Jésus a utilisé un jeu de mots. L'expression «eau vive» signifie généralement de l'eau en mouvement et en mouvement. La femme savait très bien que la seule eau à Sychar était celle du puits et qu'il n'y avait pas d'eau courante à proximité. Elle a donc demandé à Jésus de quoi il parlait. "Jésus répondit et lui dit: Quiconque boit de cette eau aura encore soif; mais celui qui boit de l'eau que je lui donne n'aura jamais soif pour toujours, mais l'eau que je lui donnerai deviendra en lui une source d'eau qui gonfle dans la vie éternelle » (Jean 4,13-14).

La femme était-elle prête à accepter la vérité spirituelle d'un ennemi de la foi? Est-ce qu'elle va boire de l'eau juive? Elle pouvait comprendre qu'elle n'aurait jamais soif d'une telle source et qu'elle n'aurait plus à travailler si dur. Incapable de saisir la vérité dont il a parlé, Jésus s'est tourné vers le problème fondamental de la femme. Il lui a suggéré d'appeler son mari et de revenir avec lui. Même s'il savait déjà qu'elle n'avait pas de mari, demanda-t-elle toujours, probablement en signe de son autorité spirituelle.

Vrai culte

Maintenant qu'elle avait appris que Jésus était un prophète, la Samaritaine a soulevé la controverse séculaire entre les Samaritains et les Juifs, qui était le bon endroit pour adorer Dieu. "Nos pères ont adoré sur cette montagne, et vous dites que Jérusalem est le lieu d'adoration" (Jean 4,20).

"Jésus lui dit: Crois-moi, femme, le temps vient où tu n'adoreras pas le Père ni sur cette montagne ni à Jérusalem. Vous ne savez pas ce que vous adorez; mais nous savons ce que nous adorons; car le salut vient des Juifs. Mais l'heure vient et c'est maintenant que les vrais adorateurs adoreront le Père en esprit et en vérité; parce que le père veut aussi de tels adorateurs. Dieu est esprit, et ceux qui l'adorent doivent l'adorer en esprit et en vérité » (Jean 4,21-24).

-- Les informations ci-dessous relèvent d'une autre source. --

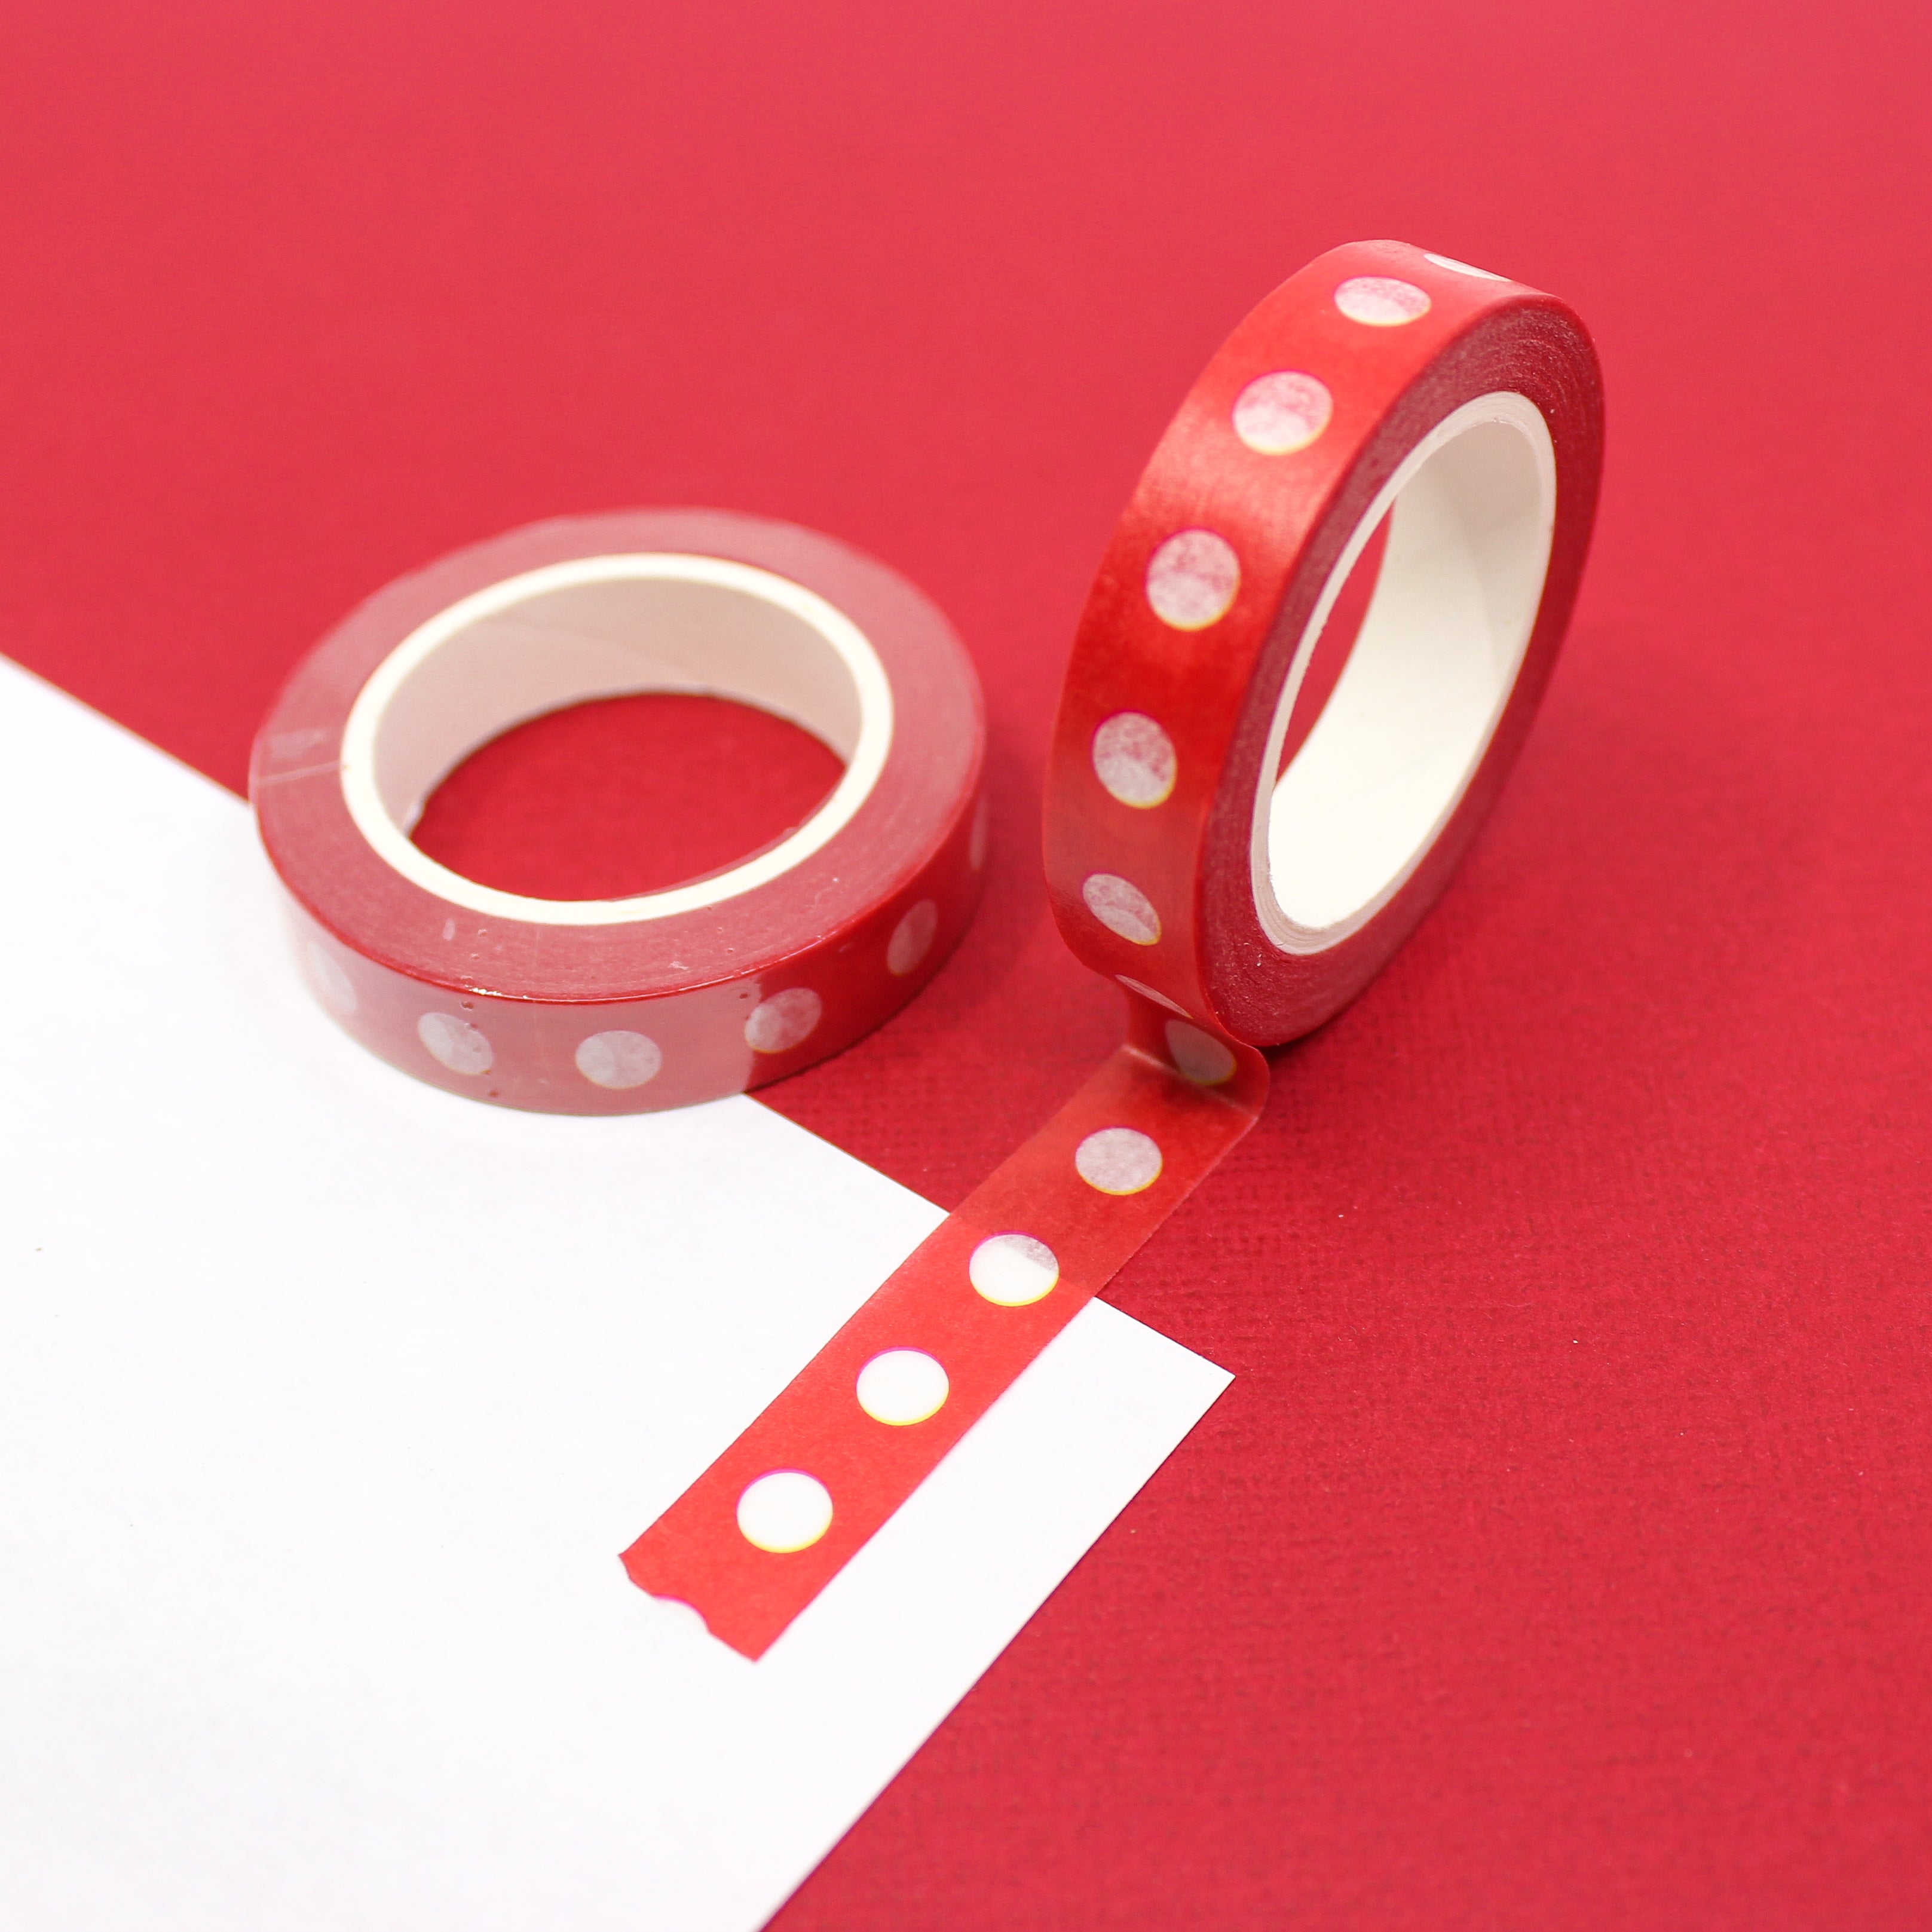 This is red dotted border Washi tape from BBB Supplies.

Jésus a-t-il soudainement changé de sujet? Non, pas forcément. L'évangile de Jean nous donne d'autres indications: "Les paroles que je vous ai dites sont esprit et vie" (Jean 6,63). «Je suis le chemin et la vérité et la vie» (Jean 14,6). Jésus a révélé une grande vérité spirituelle à cette étrange Samaritaine.

Mais la femme ne savait pas trop quoi en penser et a dit: «Je sais que le Messie, qui est appelé Christ, vient. Quand il viendra, il nous dira tout. Jésus lui dit: c'est moi qui te parle » (Vv 25-26).

Son auto-révélation «C'est moi» (le Messie) - était très inhabituel. Jésus se sentait clairement bien et pouvait parler ouvertement pour confirmer que ce qu'il lui avait dit était juste. La femme a quitté sa cruche d'eau et est rentrée chez elle pour parler de Jésus à tout le monde; et elle a persuadé les gens de vérifier par eux-mêmes, et beaucoup d'entre eux ont fini par croire. "Mais beaucoup de Samaritains de cette ville ont cru en lui pour la parole de la femme qui a témoigné: Il m'a dit tout ce que je faisais. Lorsque les Samaritains sont venus vers lui, ils lui ont demandé de rester avec eux; et il y est resté deux jours. Et beaucoup plus ont cru à cause de sa parole » (Vv 39-41).

Culte aujourd'hui

Dieu est esprit et notre relation avec lui est spirituelle. Notre culte est davantage axé sur Jésus et notre relation avec lui. Il est la source d'eau vive dont nous avons besoin pour notre vie éternelle. Cela nécessite notre consentement pour que nous en ayons besoin et lui demander d'étancher notre soif. En d'autres termes, dans la métaphore de l'Apocalypse, nous devons admettre que nous sommes pauvres, aveugles et nus, demandant à Jésus une richesse spirituelle, une vision et un vêtement.

Vous priez en esprit et en vérité lorsque vous cherchez avec Jésus ce dont vous avez besoin. La vraie dévotion et le vrai culte envers Dieu ne se caractérisent pas par des apparences extérieures, mais par votre attitude envers Jésus-Christ. Cela signifie entendre les paroles de Jésus et aller par lui vers votre Père spirituel.